ECTS credits ECTS credits: 6
ECTS Hours Rules/Memories Student's work ECTS: 99 Hours of tutorials: 3 Expository Class: 24 Interactive Classroom: 24 Total: 150
Use languages Spanish, Galician
Type: Ordinary Degree Subject RD 1393/2007 - 822/2021
Departments: Mathematics
Areas: Geometry and Topology
Center Faculty of Mathematics
Call:
Teaching: Sin docencia (Extinguida)
Enrolment: No Matriculable
To use the differential and integral calculation and the Euclidean topology for the study of curves and surfaces in the Euclidean plane and the 3-dimensional space. To handle the method of the trihedral mobile (trihedral of Frenet) for the study of the local theory of curves. To be able to calculate lengths of curves, the curvature and the twist. To be able to work with regular surfaces through their coordinates. To recognize the nature of the points of a surface in the space. To know and to be able to calculate the normal and main curvatures of a surface, as well as the Gauss curvature and the medium curvature. To use the acquired concepts to work with the ruled and minimal surfaces.
To use the software and computer means necessary to be able to visualize the curves and surfaces and calculate their elements.
1. - Curves in the three-dimensional Euclidean space (5 expository hours)
Parametrized curves.

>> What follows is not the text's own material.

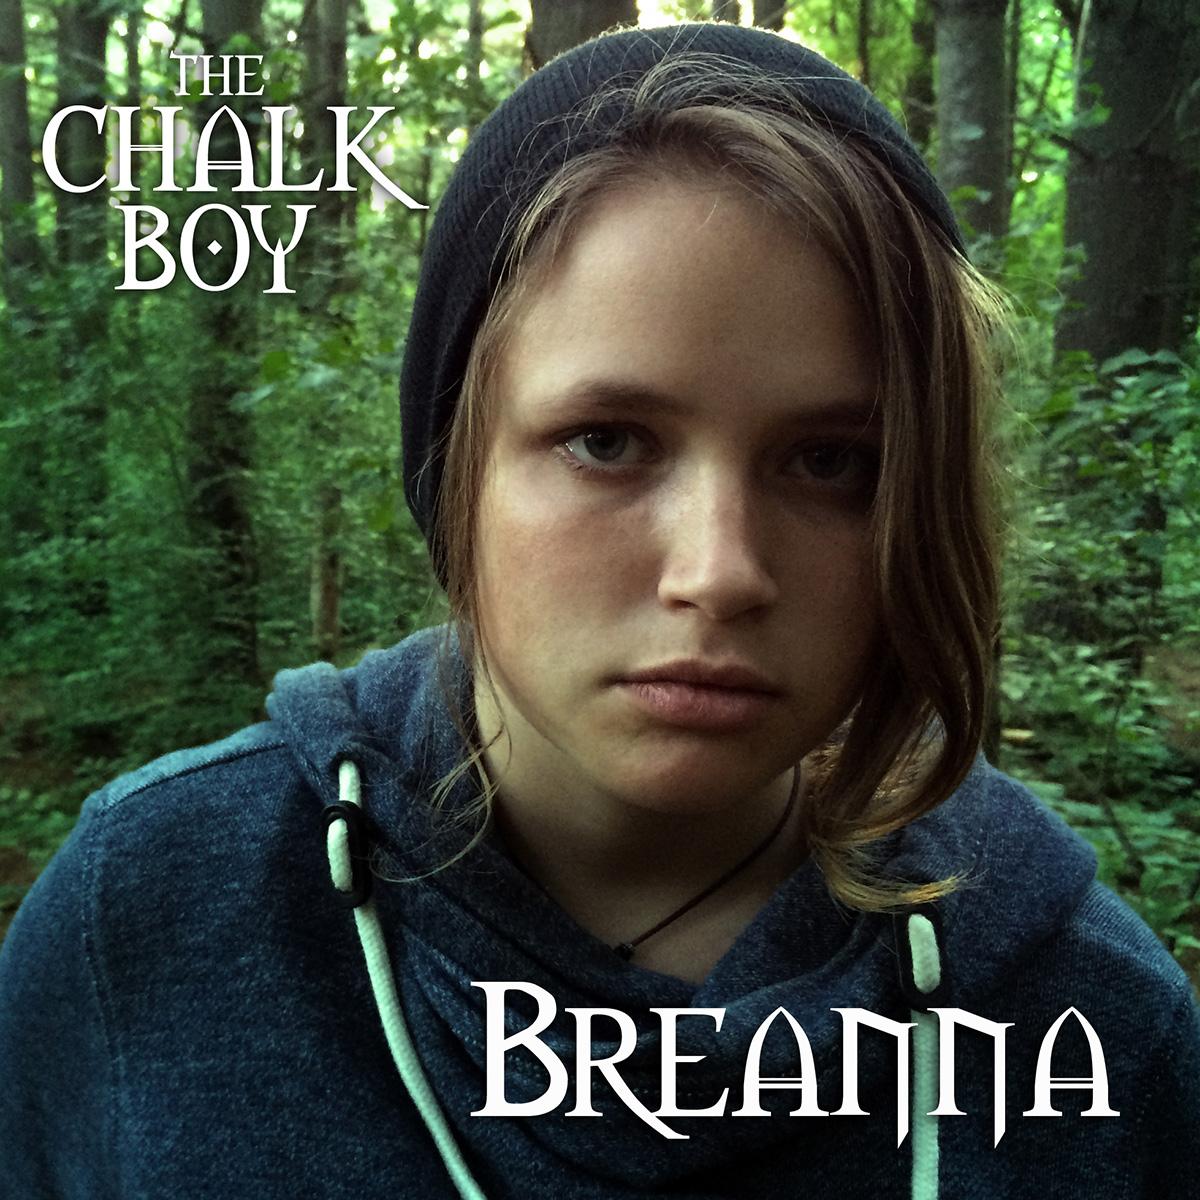 Breanna-01.jpg

Reparametrization. Arc length. Rigid motions: congruent curves.
2. - Curvature and torsion. The Fundamental Theorem of the Theory of Curve (5 expository hours)
Curvature and torsion. Frenet formulas. The Fundamental Theorem.
3. - Regular surfaces (10 expositive expository hours)
Basic Definitions. Examples. Local parametrizations. Differentiable Funcions on surfaces. The tangent plane. The differential of a differentiable map.
4. - The first fundamental form (6 expositive expository hours)
The first fundamental form. Isometries and intrinsic geometry. Applications.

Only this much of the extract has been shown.